Let’s spell out the more blatant shortcomings of Bitcoin: The blockchain may be theoretically bomb-proof, but the exchanges that Bitcoin trades on can be fiddled, hijacked, and erased from the universe, and Bitcoins with them. Remember Mt. Gox? When it went tits-up in 2014, 850,000 Bitcoins vanished (out of the 21 million that can ever be “mined” under the system as designed). Bitcoins were worth under $1000 when that happened. Also, keep in mind is that Bitcoin is meaningless without reliable electric service and the Internet that runs on it. How many Bitcoins were bought-and-sold in Texas those dark days a couple of weeks ago when a blue norther rolled in and the lights went out. Of course, trading Bitcoin might be the least of your problems when the pipes freeze and all the sheetrock in your house gets prepped for a black mold experiment. But just sayin’…
The Schumer-Pelosi gang looks exorbitantly proud of their legislative coup in the stim bill (and Mitch McConnell’s gang, too, which had to play along, or get tagged and cancelled as Dr. Seuss-like creatures of Grinchified parsimony). Obtuse, desperate, and stupid as these grandstanding politicians are, they all overlook the workings of entropy in these foolish expedients to keep the plates spinning in this performance-art economy. Namely: disorder. Everything is groaning and cracking out there.
One-time $1,400 handouts and even regular $300 unemployment subsidies won’t pay the mortgages or feed families very long, and every day there are fewer families bringing in anything close to that mythical $150,000. For many, it’s more like… nothing. The one-time bailouts of recklessly insolvent city and state governments and pension funds will only postpone their collapse. The varying guaranteed basic income schemes, enhanced child credits, advances on tax refunds, and other gimmicks would turn the former working class into sub-lumpenproles with nothing to occupy them but crime and vice. In fact, we already have a sizable underclass demonstrating exactly what you’ll get from enlarging the social group dependent on government support.
The only other question for now is when do the different population groups in this land explode in violence? The group loosely bundled as “Red” is angry enough with the ongoing insults of Wokery, failed rule-of-law, and abridgments of basic constitutional rights. The states where they dominate are likely to resist any more fiats by the federal government, like the imminent attempt to confiscate firearms. The “Blue” auxiliary armies are beyond their creators’ control.
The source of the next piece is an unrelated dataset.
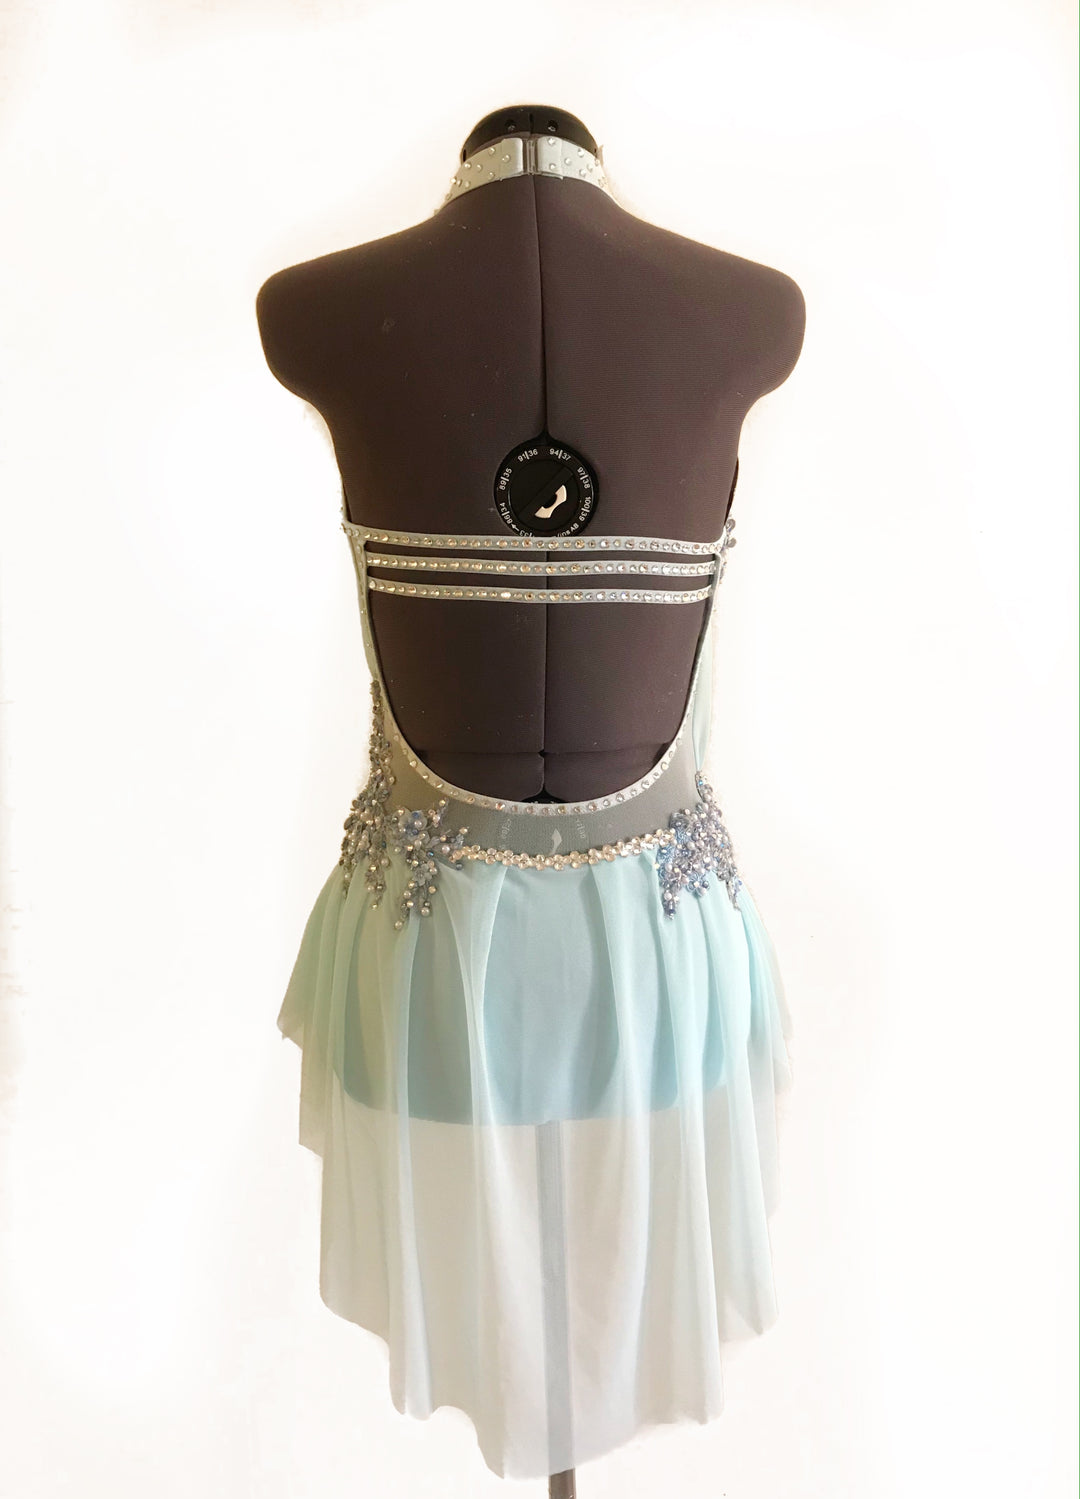 ADULT XSMALL ice blue lyrical/contemporary ready-to-ship dance costume
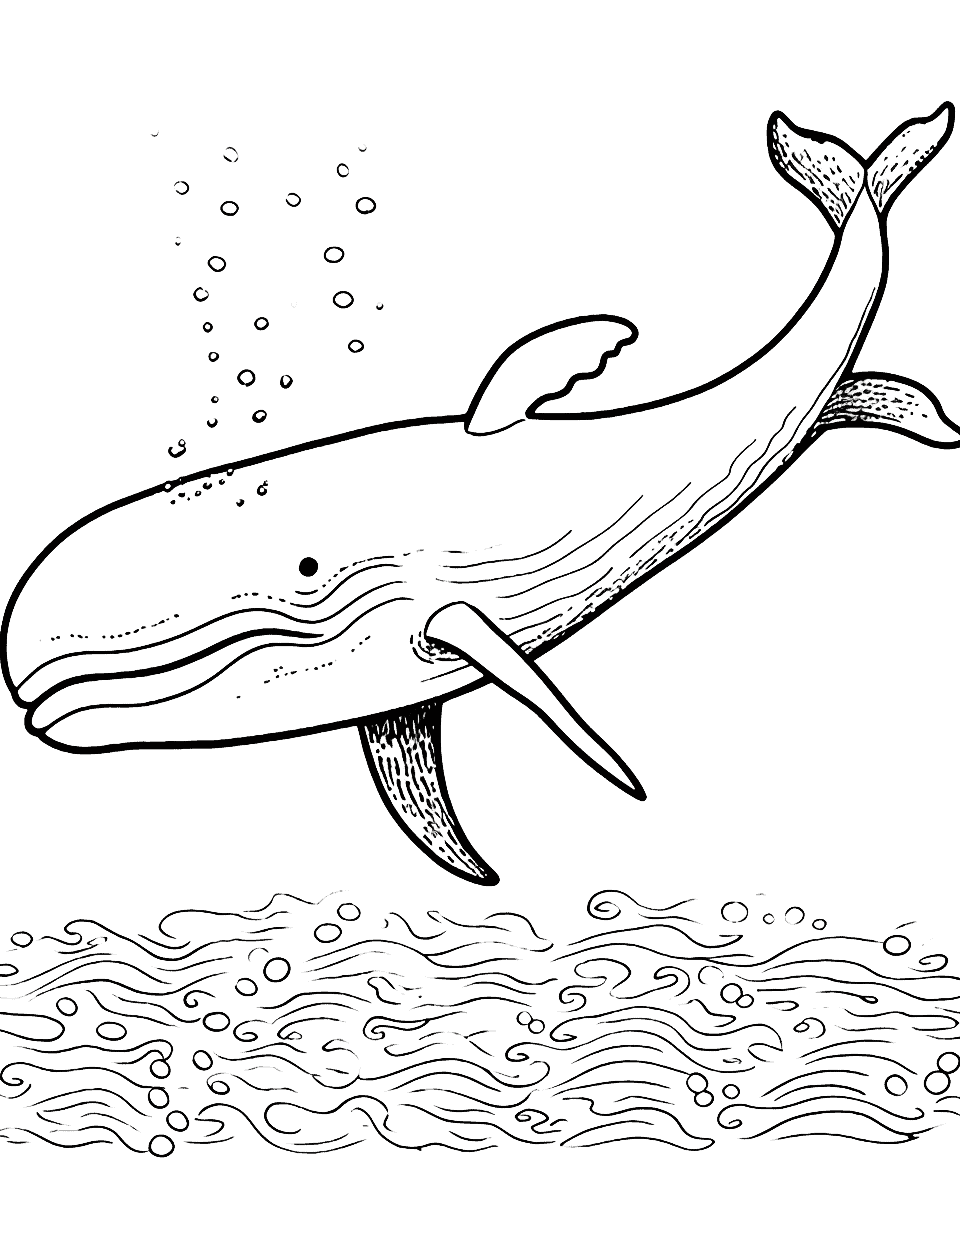 Majestic Whale Animal Coloring Page - A magnificent whale swimming in the deep blue ocean.

Antifa will be ready to rock-and-roll in the streets with good weather because so many young people have absolutely no prospects to thrive in the collapsing economy, and the streets have become their social space, with so little money for lattes and beers. And BLM need look no further than the Derrick Chauvin trial in Minnesota, starting today, for an excuse to resume its characteristic activities.
Does anyone seriously believe that the husk of Joe Biden will remain in office more than another few weeks? It’s obvious that he doesn’t have the mental mojo to work an authentic press conference, and surely not the customary address to a joint session of Congress. Even the news media may seek to know who is actually in charge of the executive branch before much longer. Pay close attention to events unspooling. Get ready for trouble. It’s coming every which way, from money to public order to rollicking spring weather."